*Exercise brief*.
Set down exactly the lines running from the one with "Table of Contents s353" to the last line of the listing below, both included, and skip every picture.

*Dataset section*.
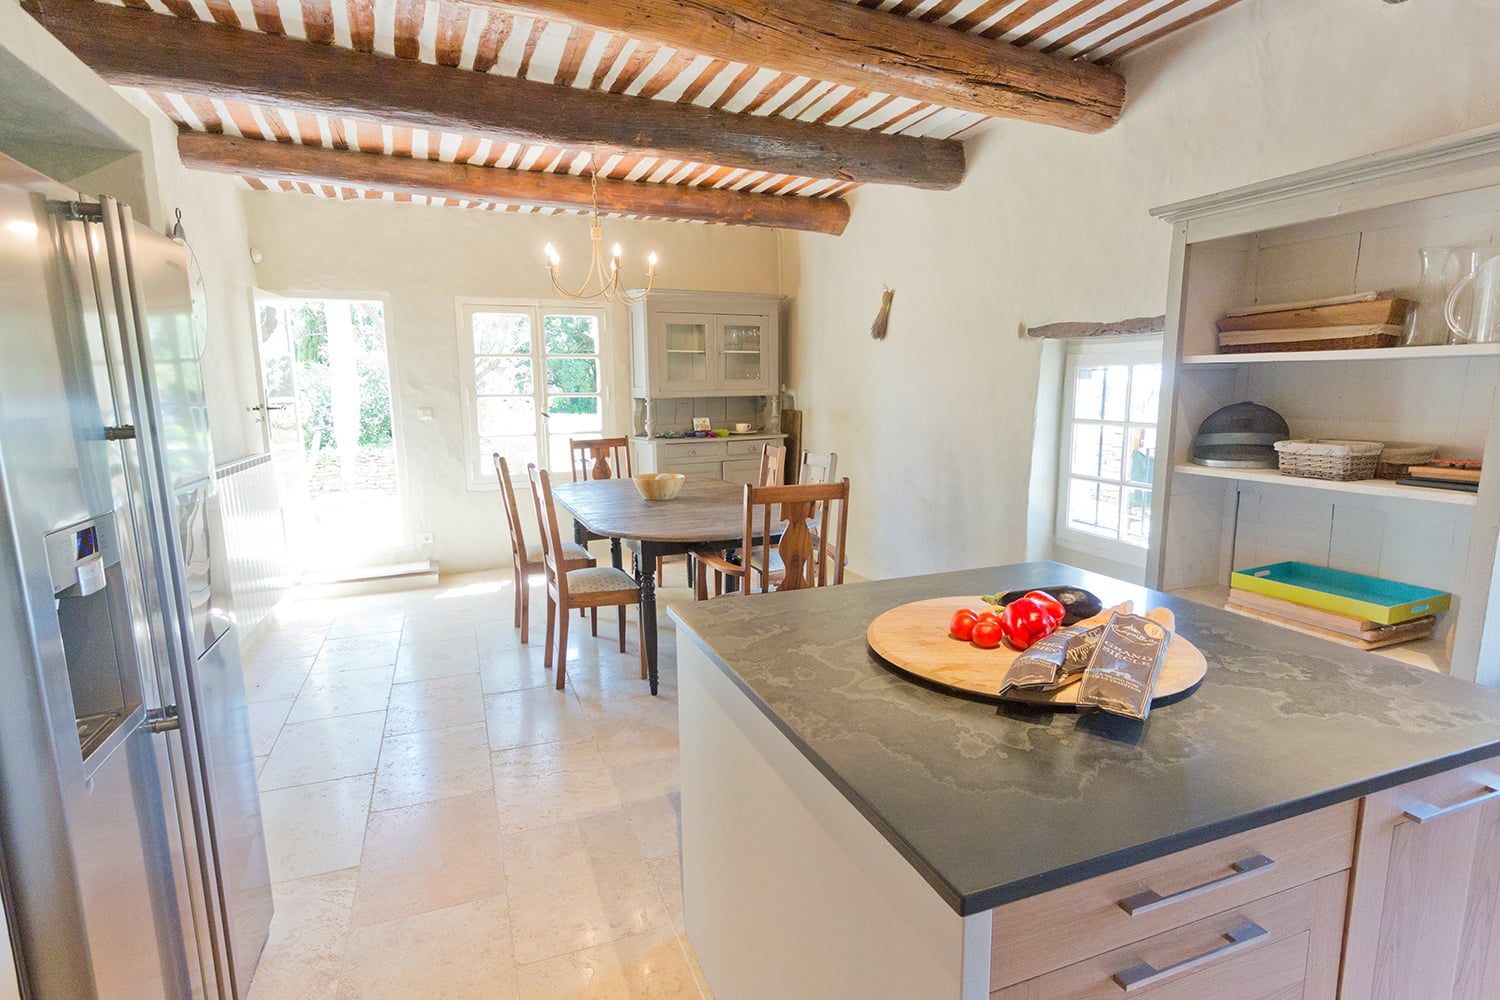 Kitchen | Self catering home in Provence
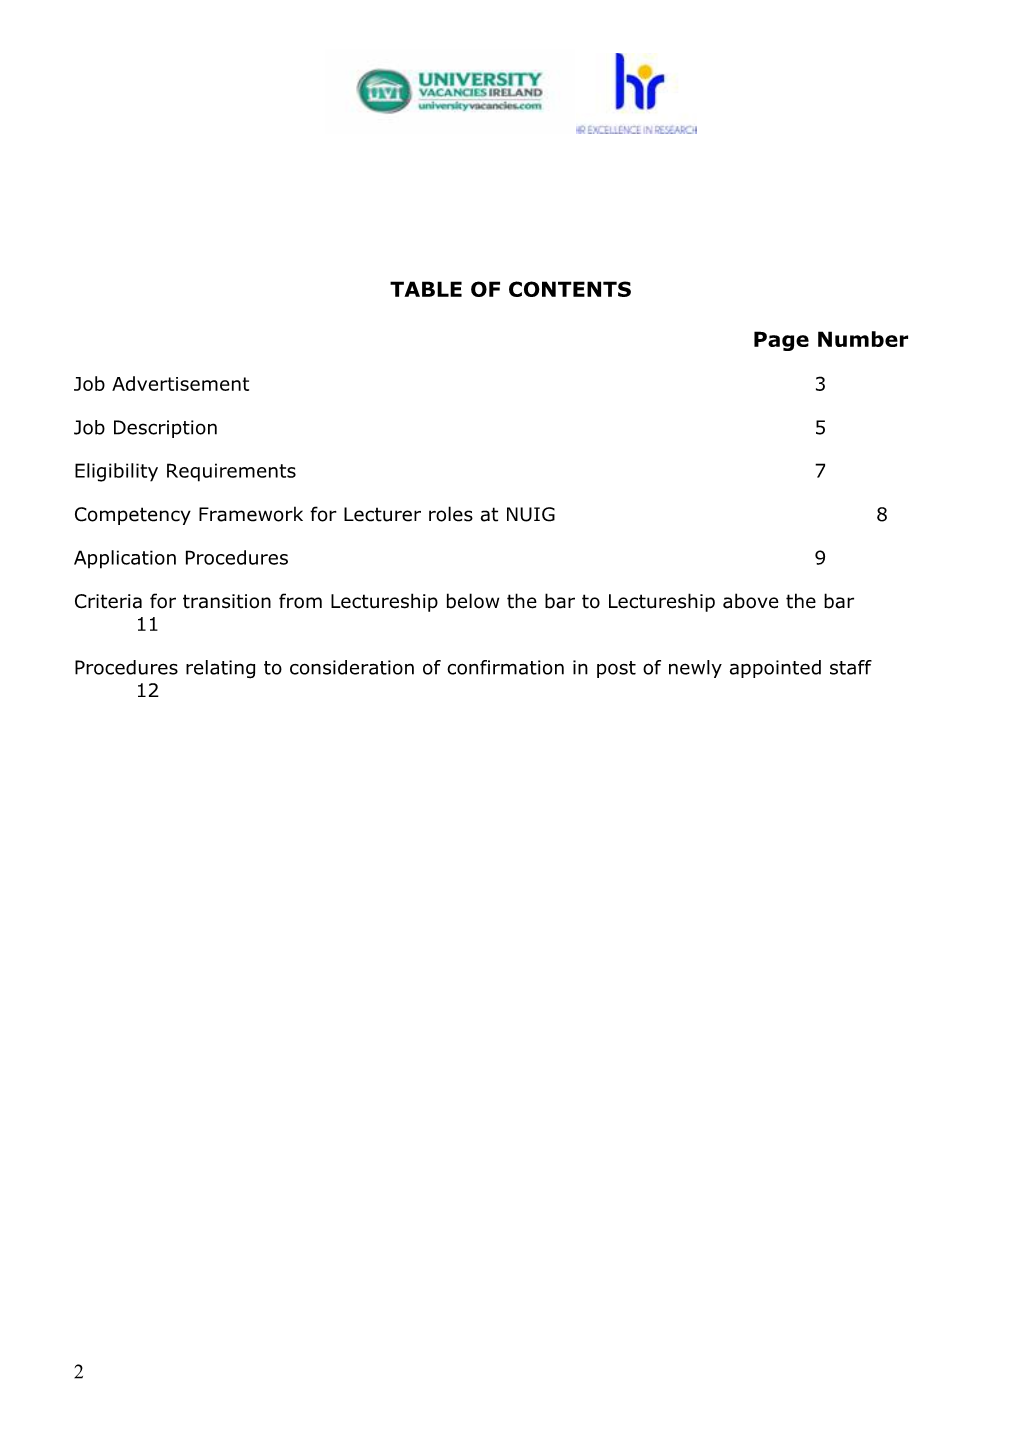 Table of Contents s353
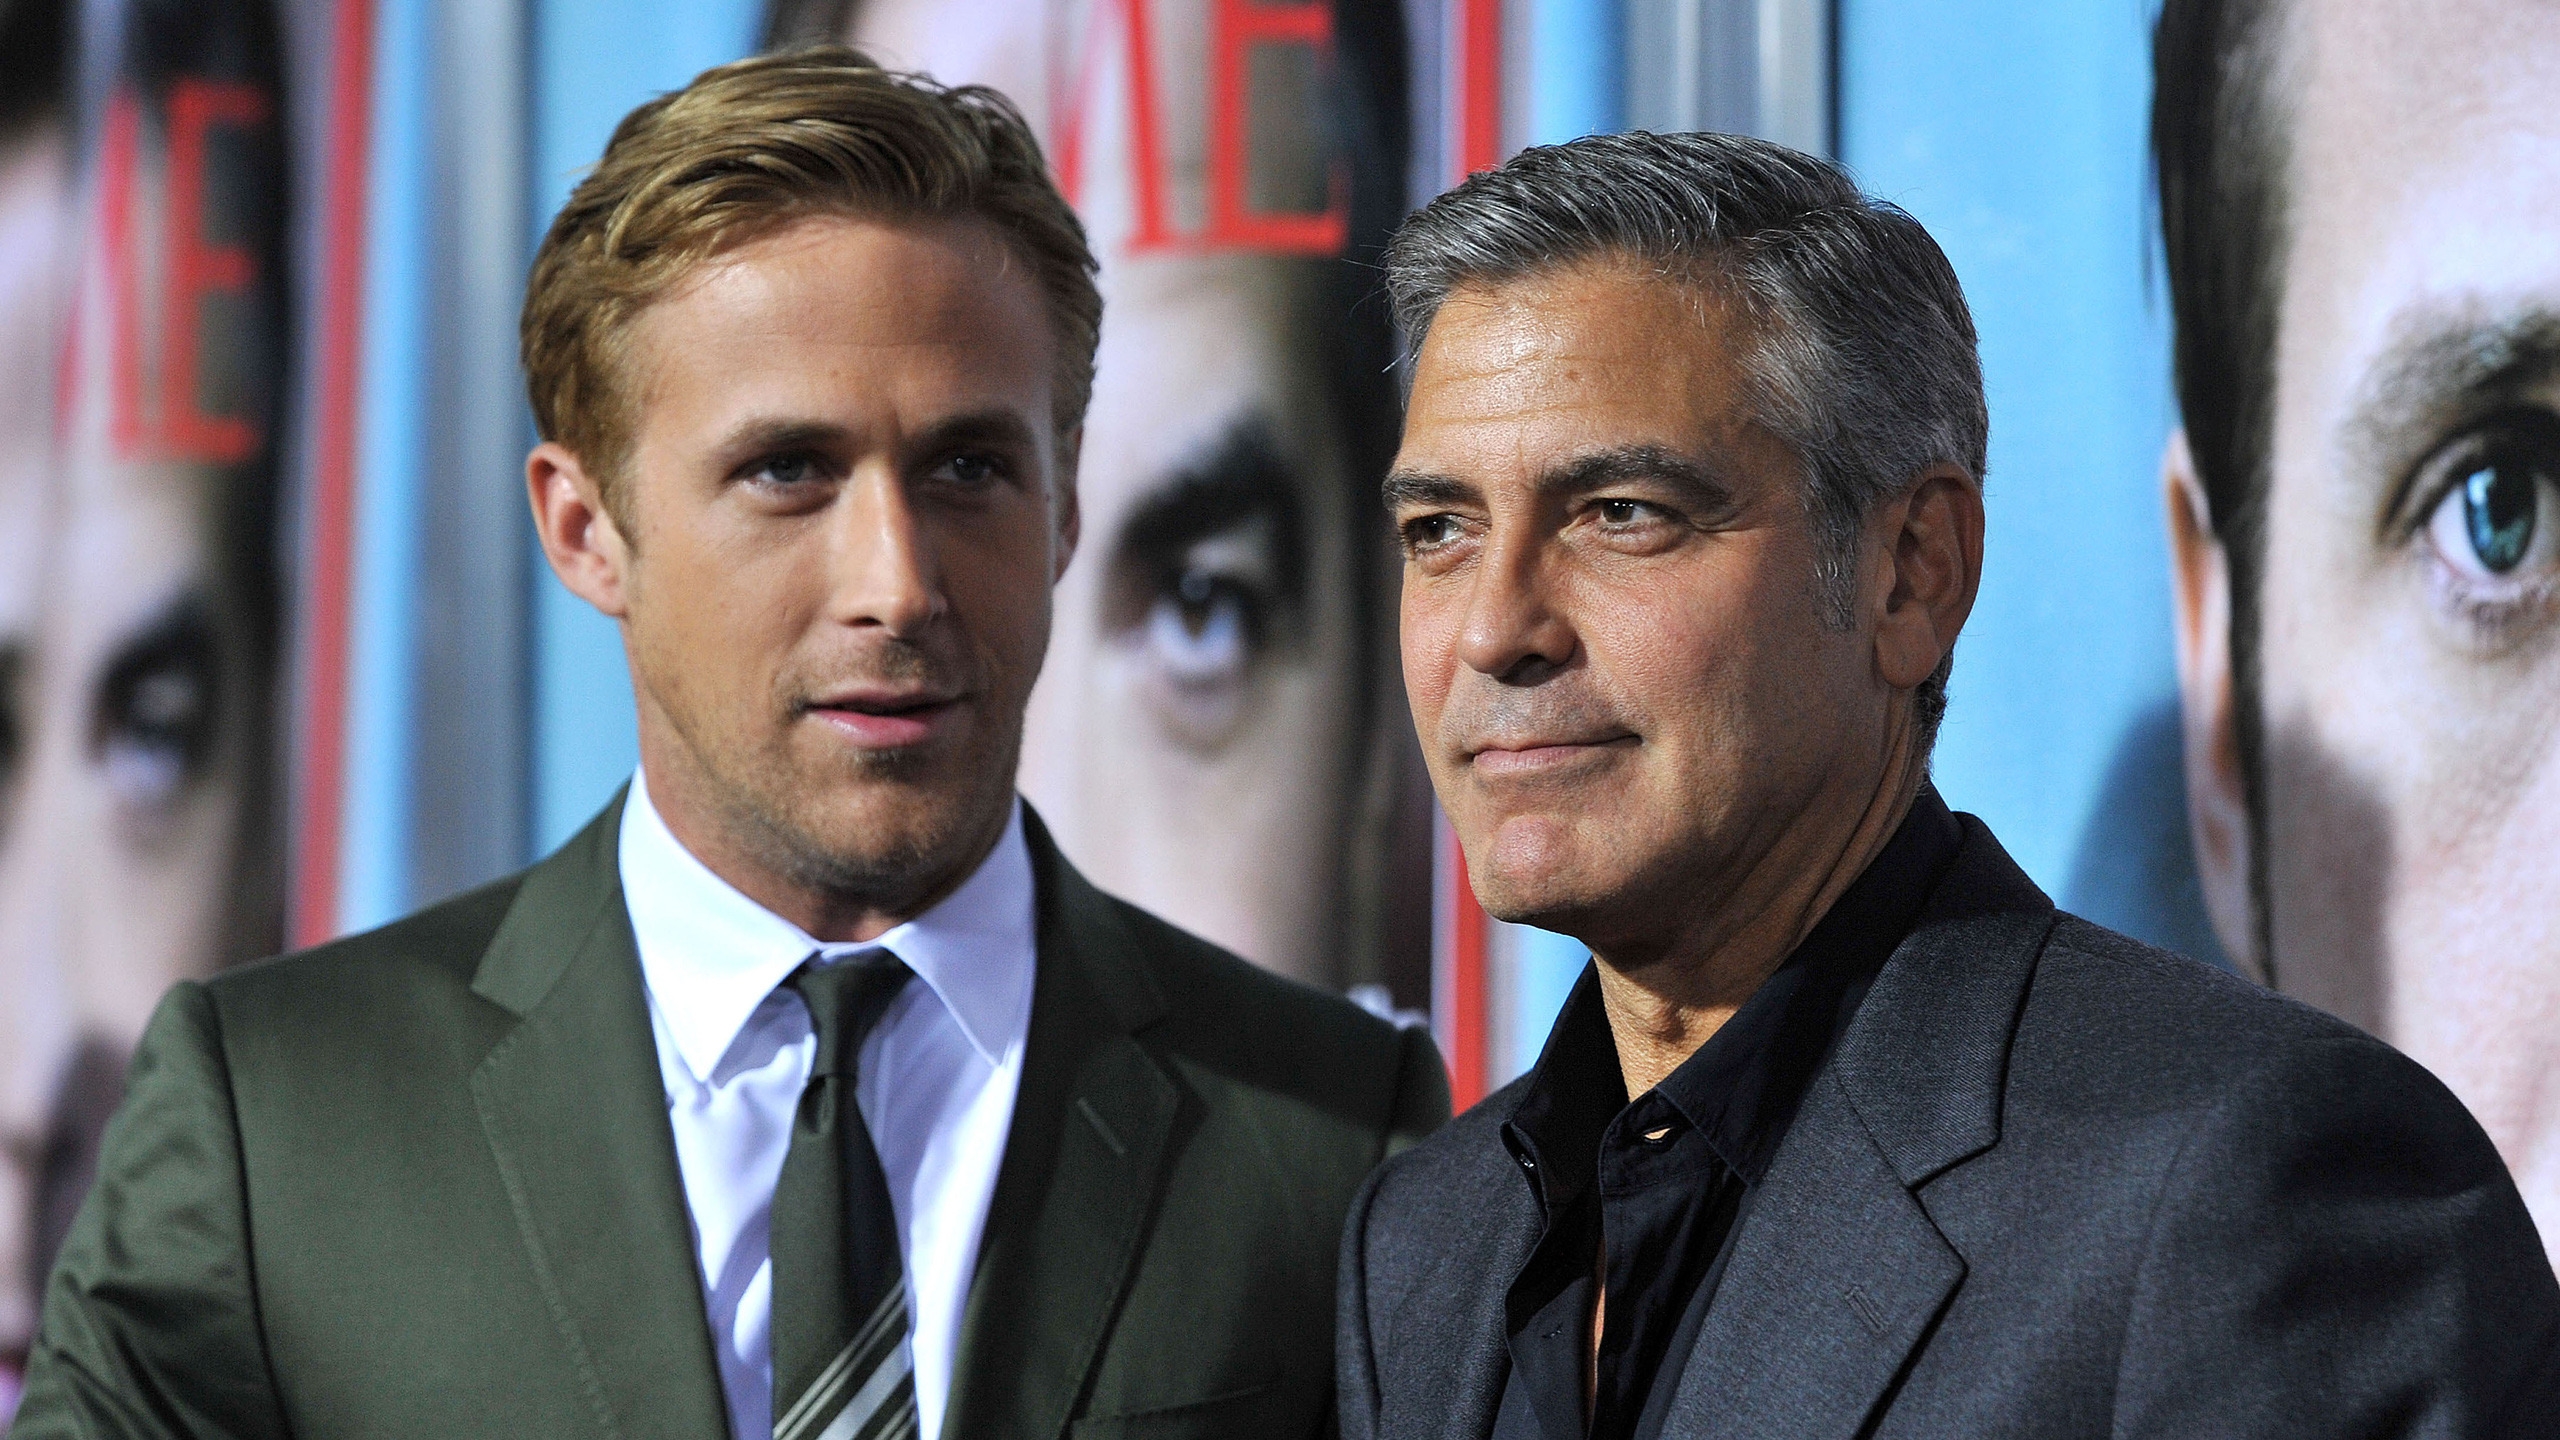 George Clooney and Ryan Gosling for 2560x1440 HDTV resolution

*Response to this exercise*.
 Table of Contents s353
 George Clooney and Ryan Gosling for 2560x1440 HDTV resolution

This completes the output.